The Annual Survey compiled by the HEA looks at 23,566 students who graduated in 2006 and what they are doing nine months later. It covers graduates of the universities, institutes of technology, and other institutions in the public and private sectors.
Among the other findings in the report were that from 1996 to 2006, graduates of NFQ levels 6 & 7 (certificates and ordinary bachelor degrees ) have experienced decreasing rates of employment, however the shortfall has been made up by increasing rates of further study.
These types of qualifications provide a pathway to the traditional Higher Education qualification, the honours bachelor degrees. Forty-five per cent of graduates of the class of 1996 continued with further study, while 72 per cent of the class of 2006 continued to further study.
As in 2005, Dublin (220 per cent ) and Galway (110 per cent ) are the only counties to employ more graduates than they produce.
It also showed that 75 per cent of graduates of teaching/education courses are female.
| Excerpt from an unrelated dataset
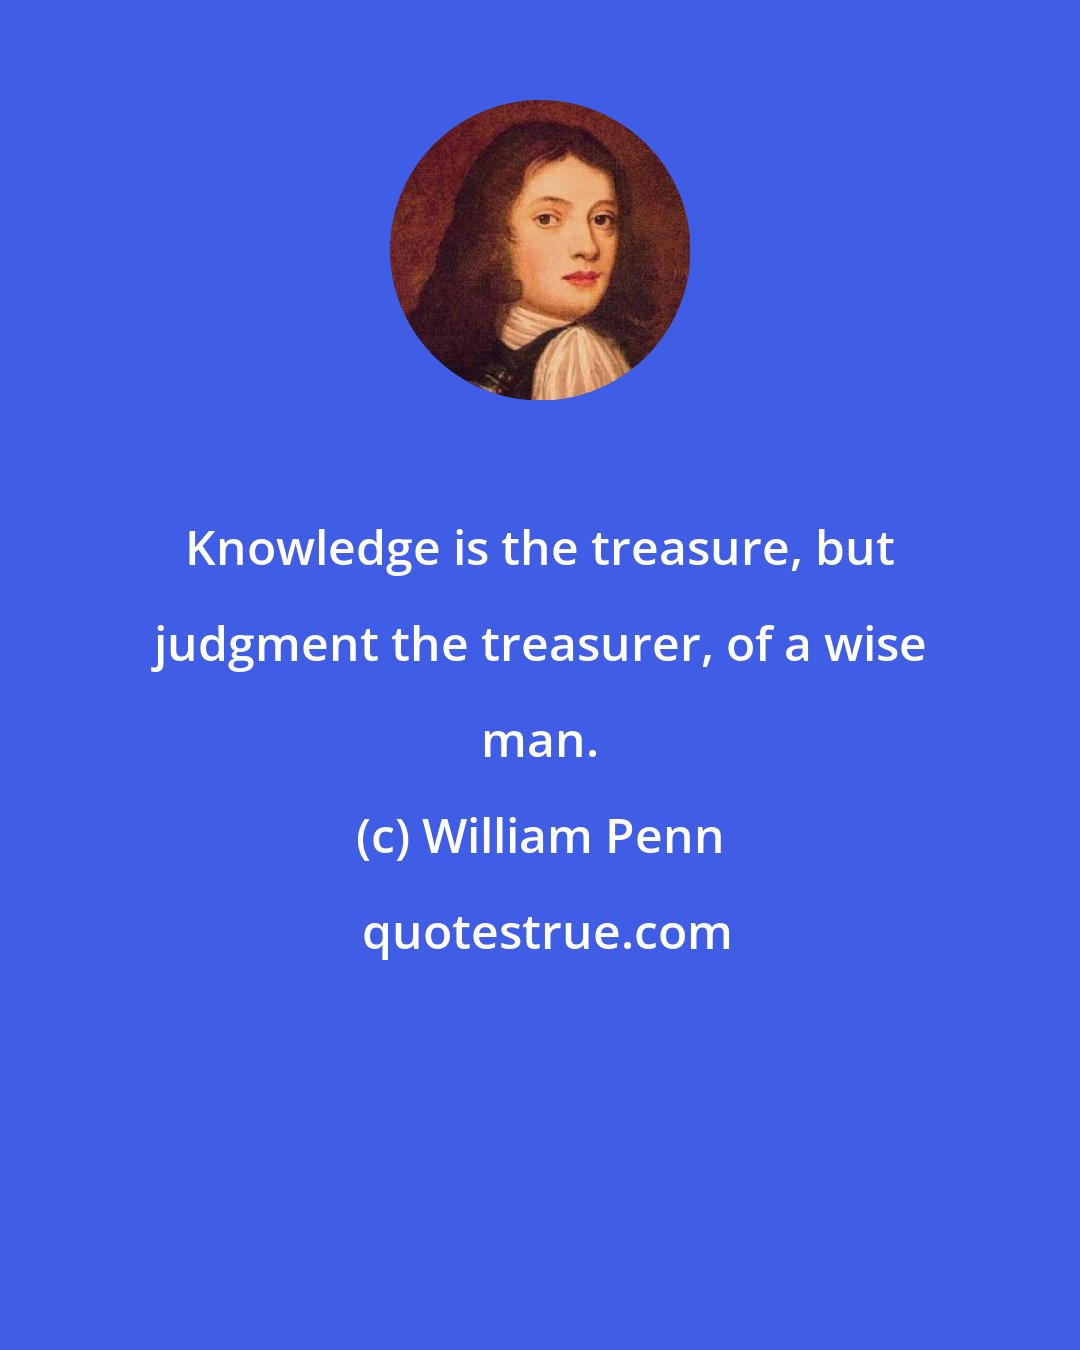 William Penn: Knowledge is the treasure, but judgment the treasurer, of a wise man.

Ninety per cent of graduates who originated from the Republic of Ireland and who continued with further studies studied in institutions in the Republic of Ireland with the remaining population going overseas for further studies options, 7.1 per cent of these went to UK institutions.
PhD graduates are the largest percentage of employed graduates to leave Ireland to pursue employment at 20.6 per cent. Close working contact with researchers abroad contributes to the professional development of PhD graduates educated in Irish higher institutions and widens their career prospects.